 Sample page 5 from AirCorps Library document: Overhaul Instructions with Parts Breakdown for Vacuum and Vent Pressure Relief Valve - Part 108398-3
--
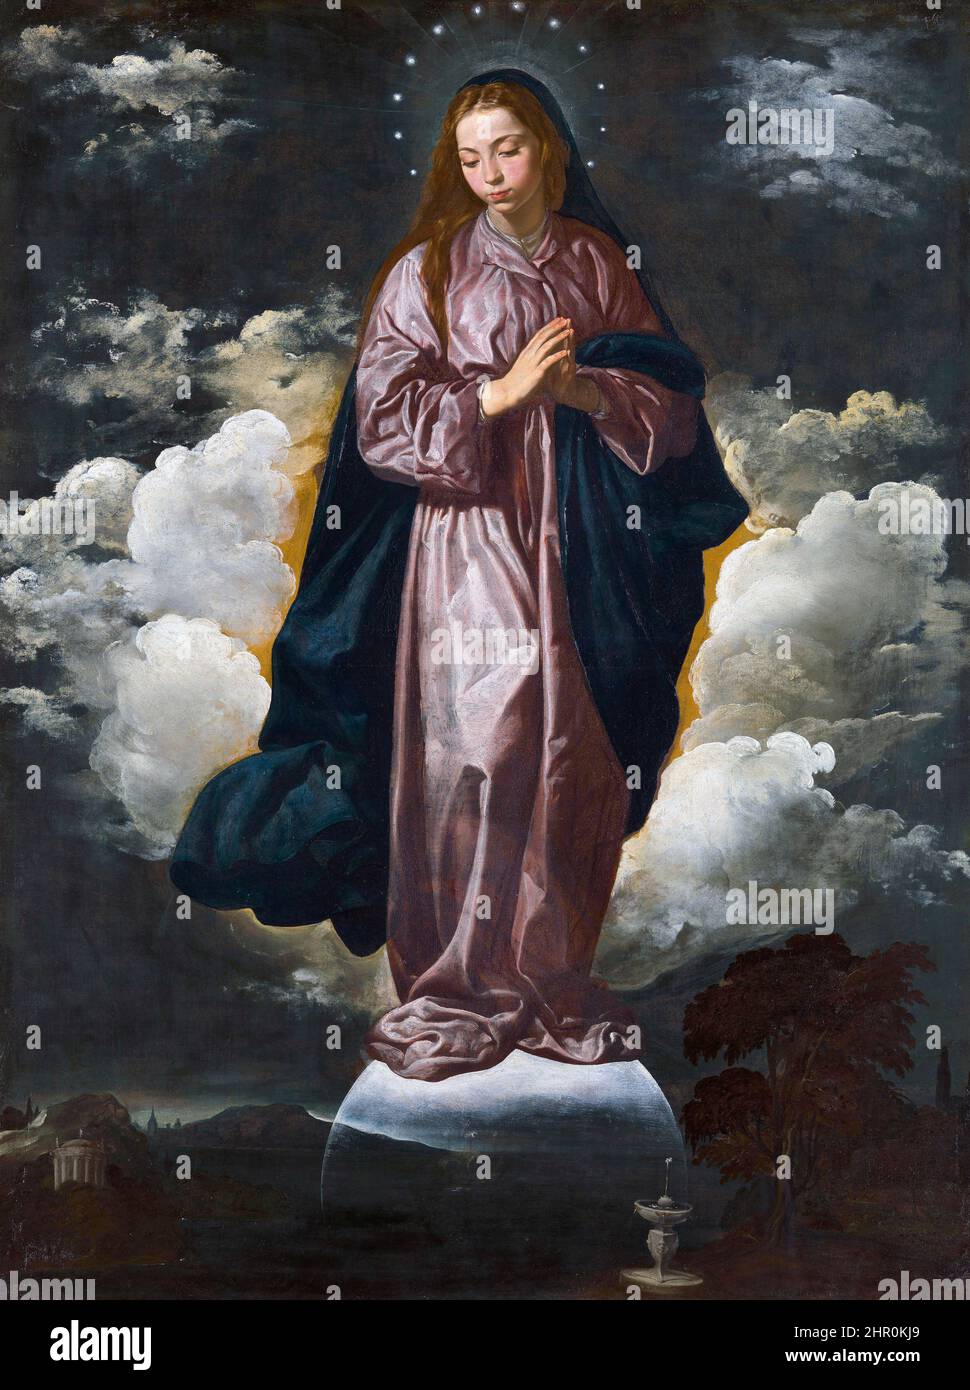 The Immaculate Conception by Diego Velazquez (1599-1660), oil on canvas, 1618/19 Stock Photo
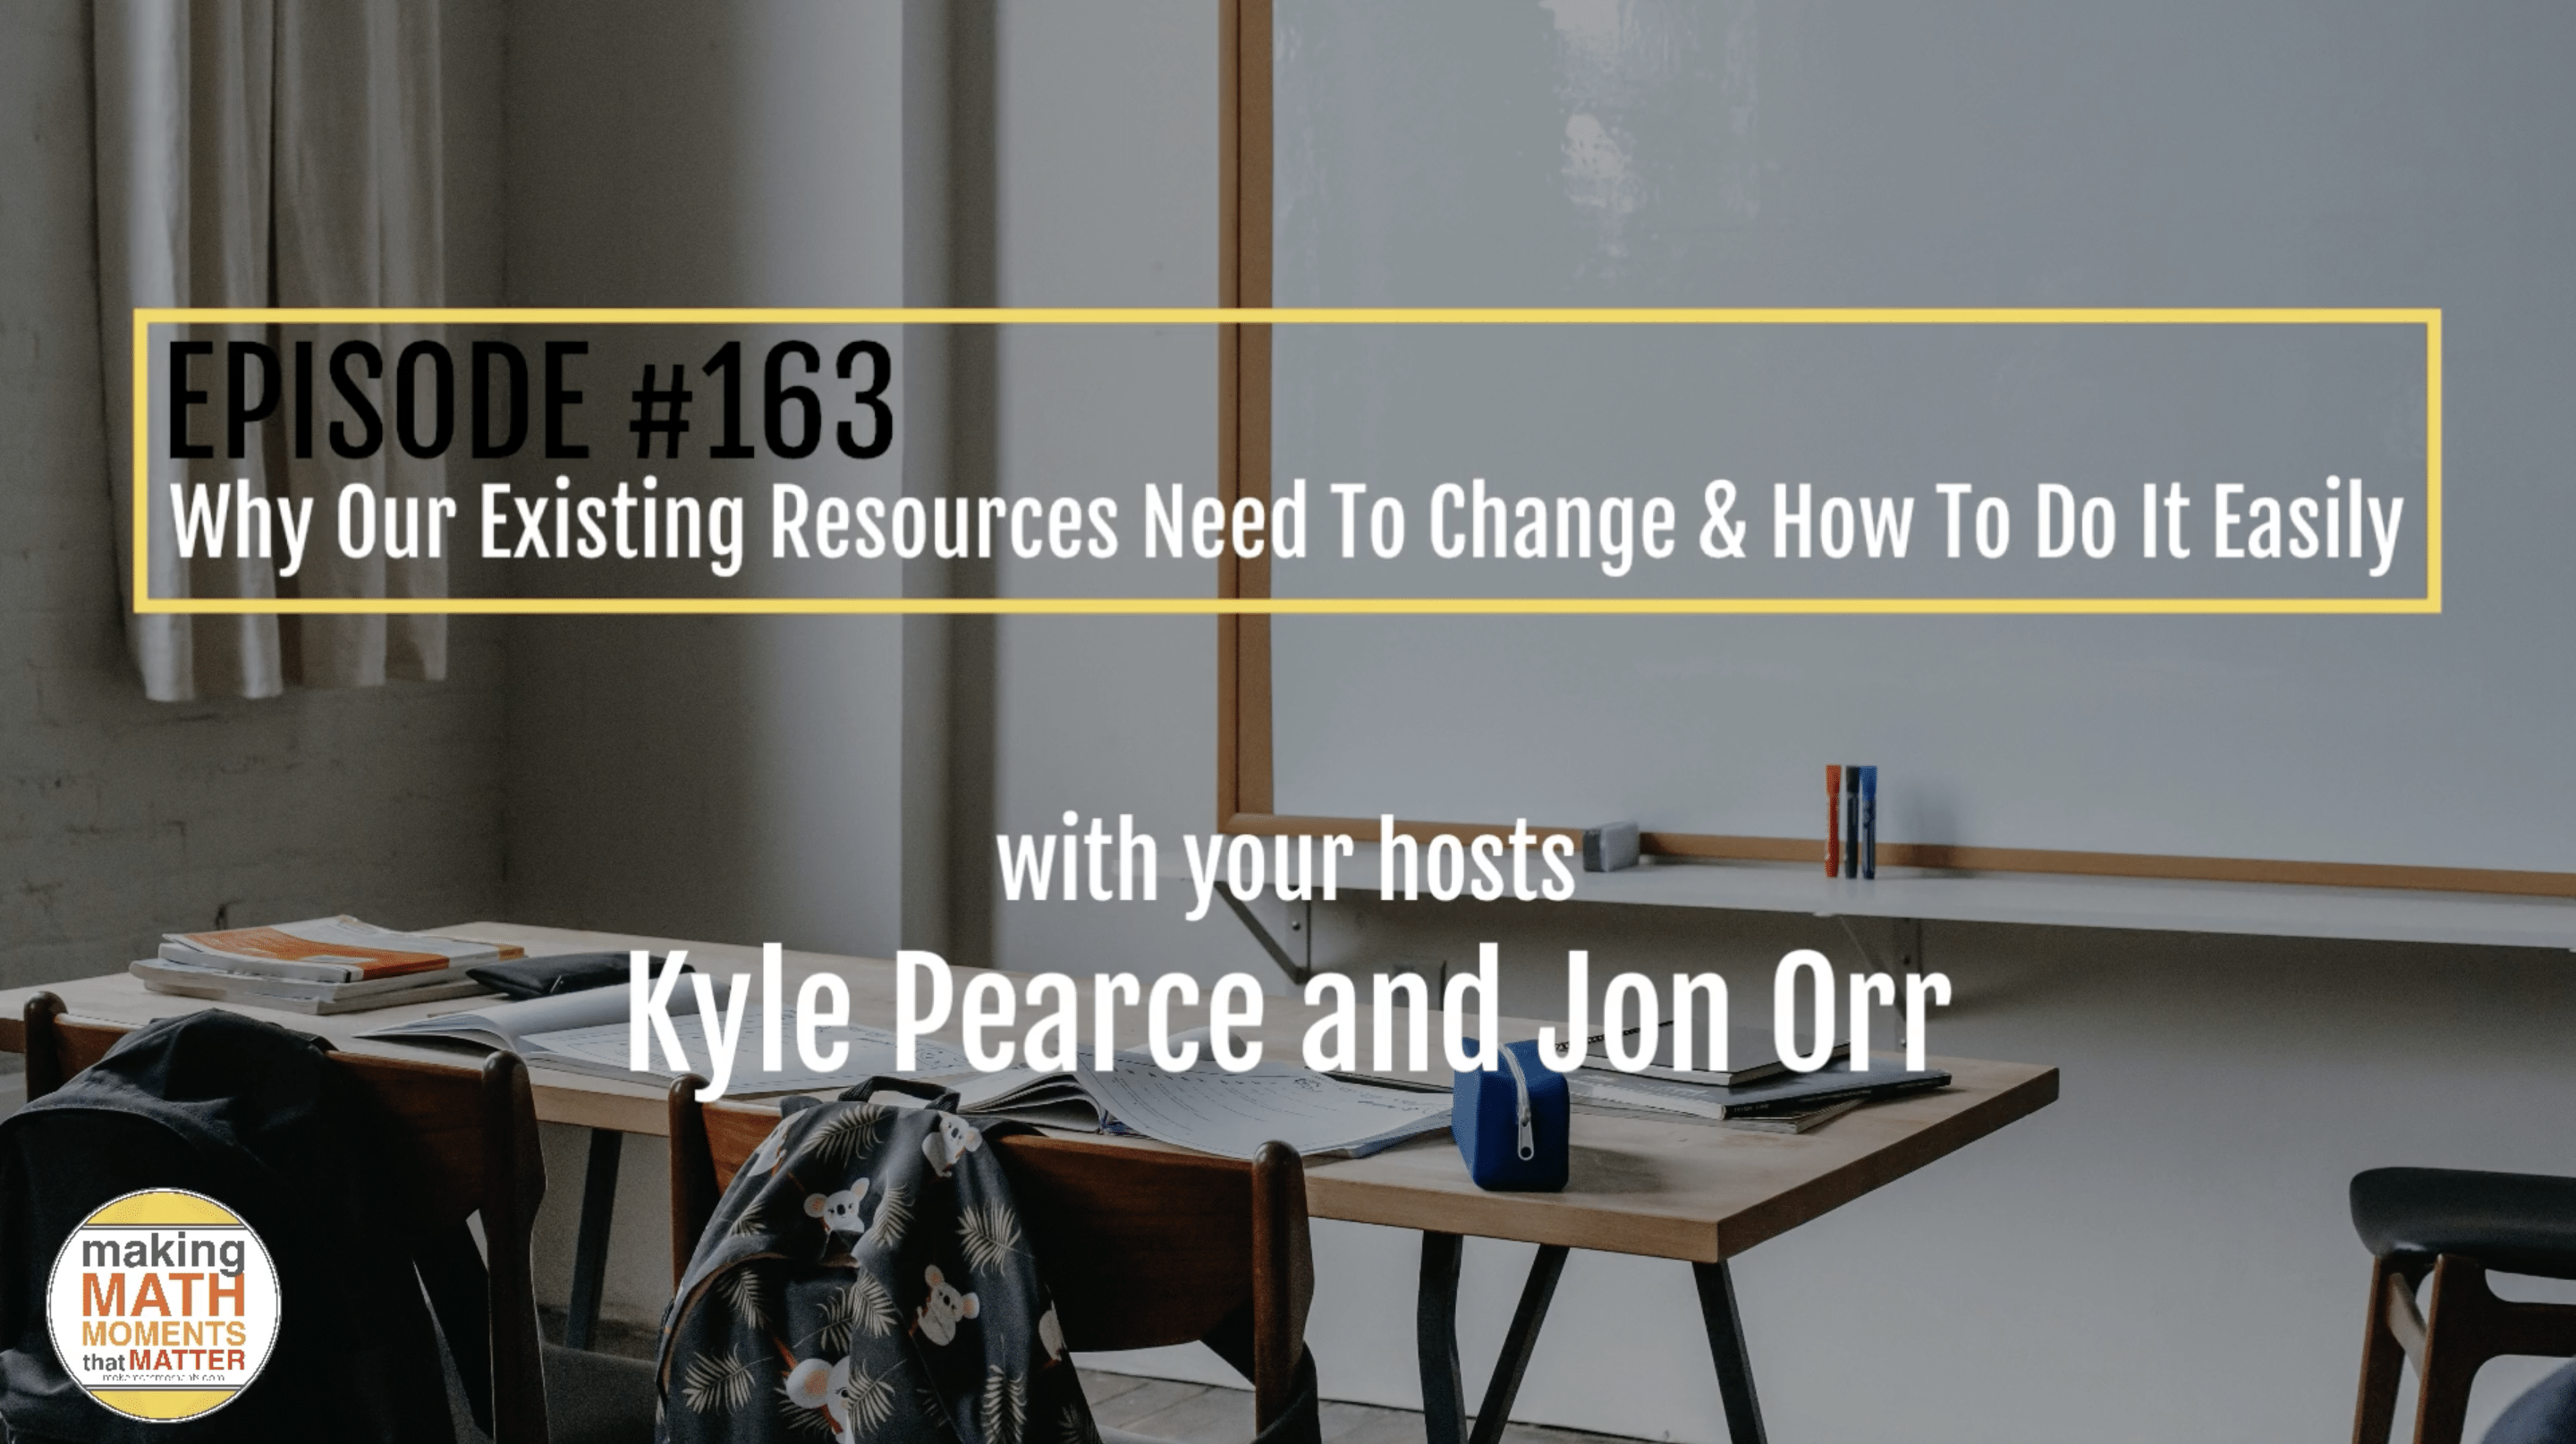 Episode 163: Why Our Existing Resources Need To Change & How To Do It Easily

### WORK TO COMPLETE
In the data above, find the line containing "The Immaculate Conception" and the line containing "Episode 163: Why". Repeat those two lines and everything between them exactly, minus the pictures.

### ANSWER TO THIS EXERCISE
 The Immaculate Conception by Diego Velazquez (1599-1660), oil on canvas, 1618/19 Stock Photo
 Episode 163: Why Our Existing Resources Need To Change & How To Do It Easily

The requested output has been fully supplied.